Maximum XOR for Each Query - Practice Coding Problems

Maximum XOR for Each Query - Problem

You are given a sorted array nums of n non-negative integers and an integer maximumBit. You want to perform the following query n times:

Find a non-negative integer k < 2^maximumBit such that nums[0] XOR nums[1] XOR ... XOR nums[nums.length-1] XOR k is maximized. k is the answer to the i^th query.
Remove the last element from the current array nums.

Return an array answer, where answer[i] is the answer to the i^th query.

Input & Output

Example 1 — Basic Case

$ Input: nums = [0,1,1,3], maximumBit = 2

› Output: [0,3,2,3]

💡 Note: Query 1: XOR of [0,1,1,3] = 3, optimal k = 0 (3⊕0 = 3, maximum for 2 bits).

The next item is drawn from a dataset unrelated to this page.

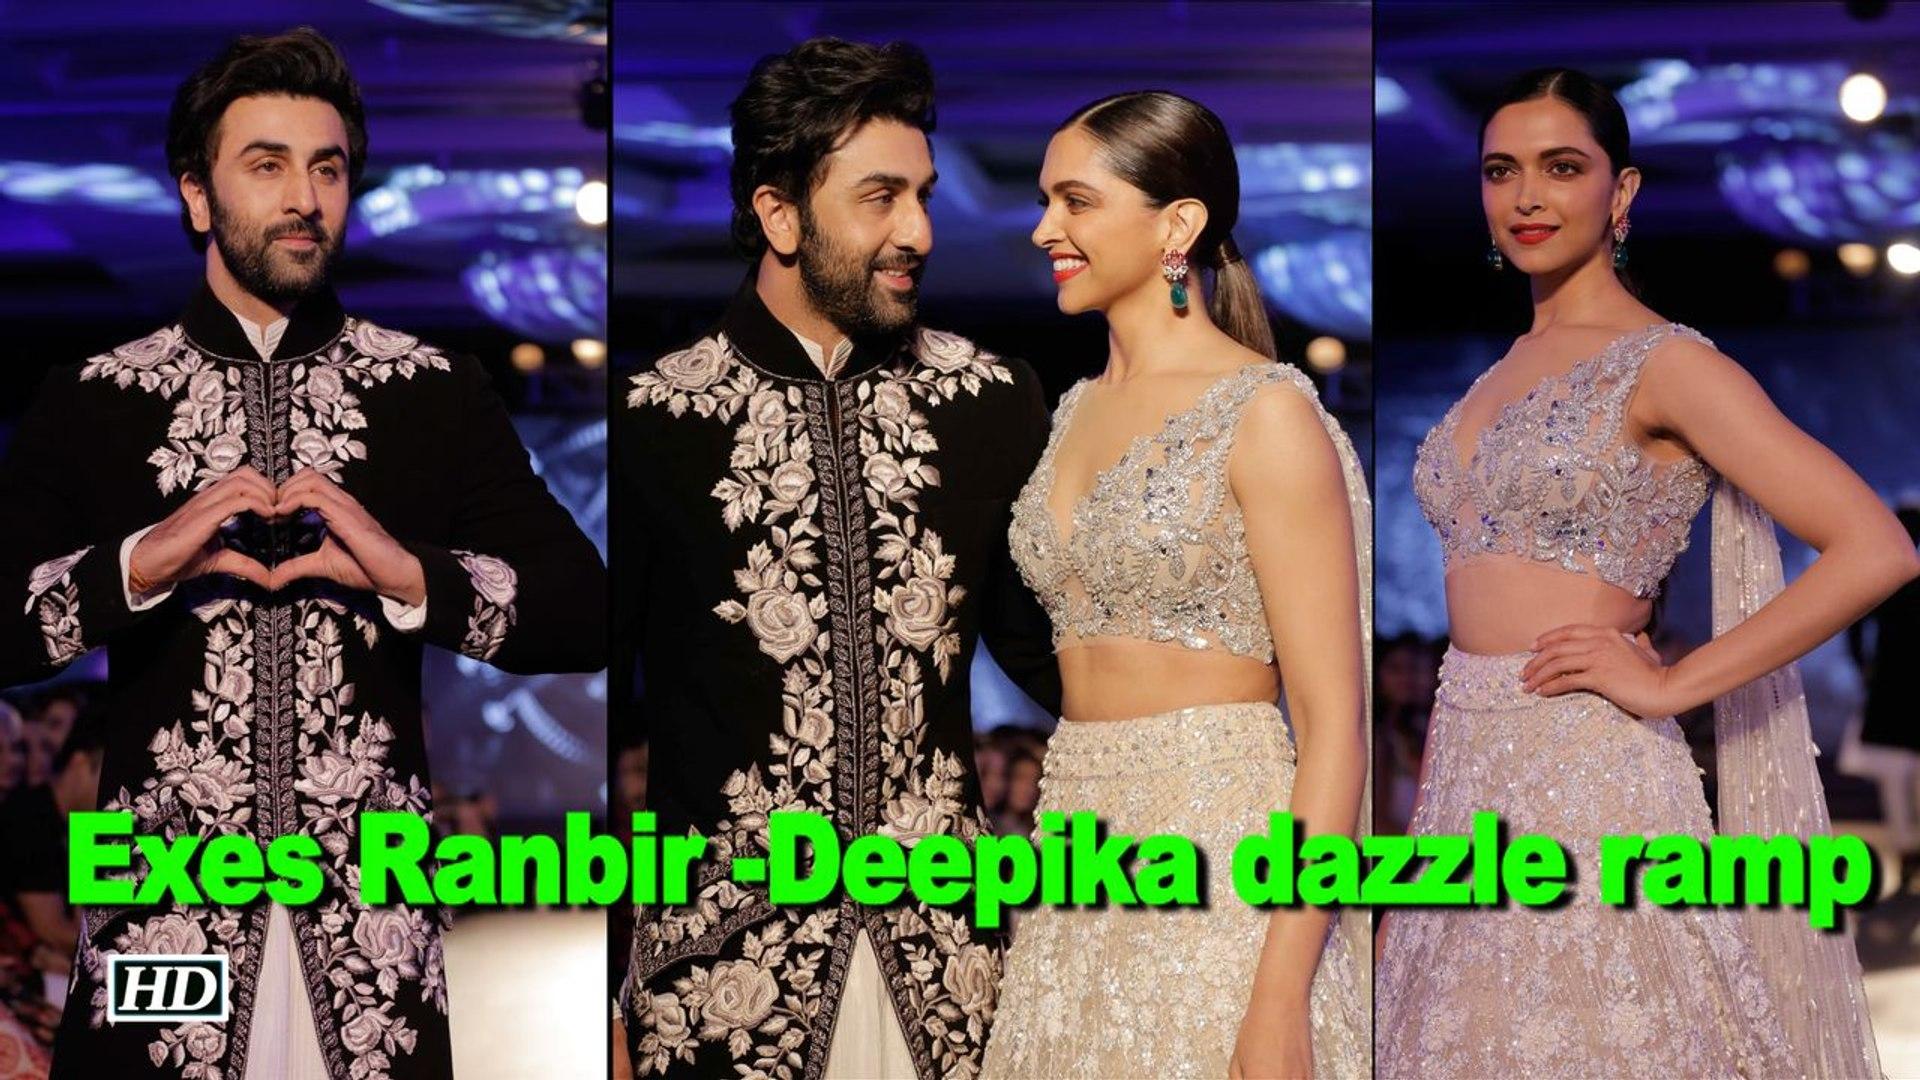 Exes Ranbir -Deepika dazzle ramp at Manish Malhotra show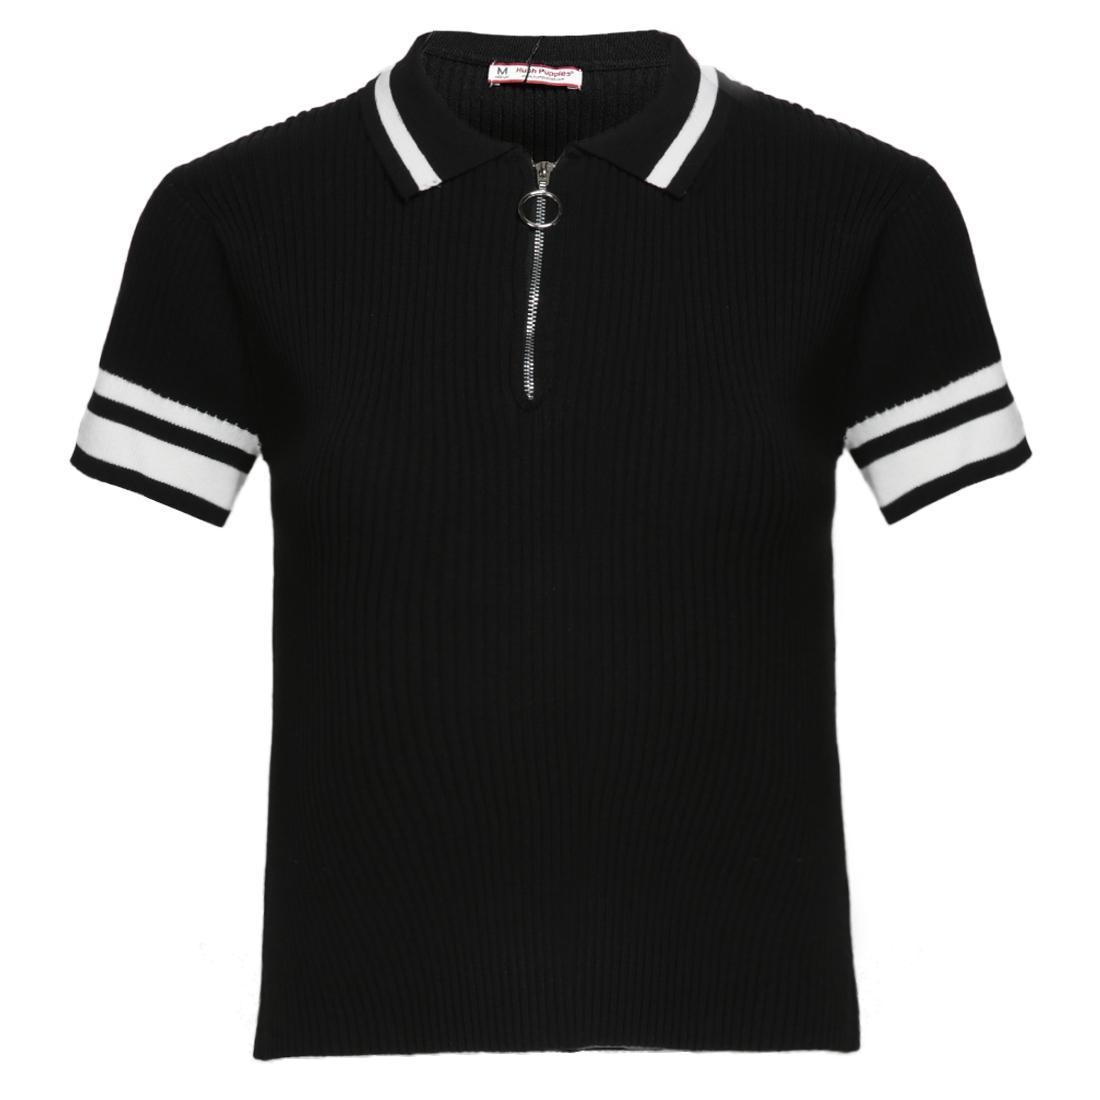 Hush Puppies Baju Atasan Wanita Ezra - Polo Shirt  Black

Query 2: XOR of [0,1,1] = 0, optimal k = 3 (0⊕3 = 3). Query 3: XOR of [0,1] = 1, optimal k = 2 (1⊕2 = 3). Query 4: XOR of [0] = 0, optimal k = 3 (0⊕3 = 3).

Example 2 — Single Element

$ Input: nums = [2], maximumBit = 3

› Output: [5]

💡 Note: XOR of [2] = 2 (binary: 010). Maximum value with 3 bits is 7 (binary: 111). Optimal k = 2⊕7 = 5 (binary: 101), giving result 2⊕5 = 7.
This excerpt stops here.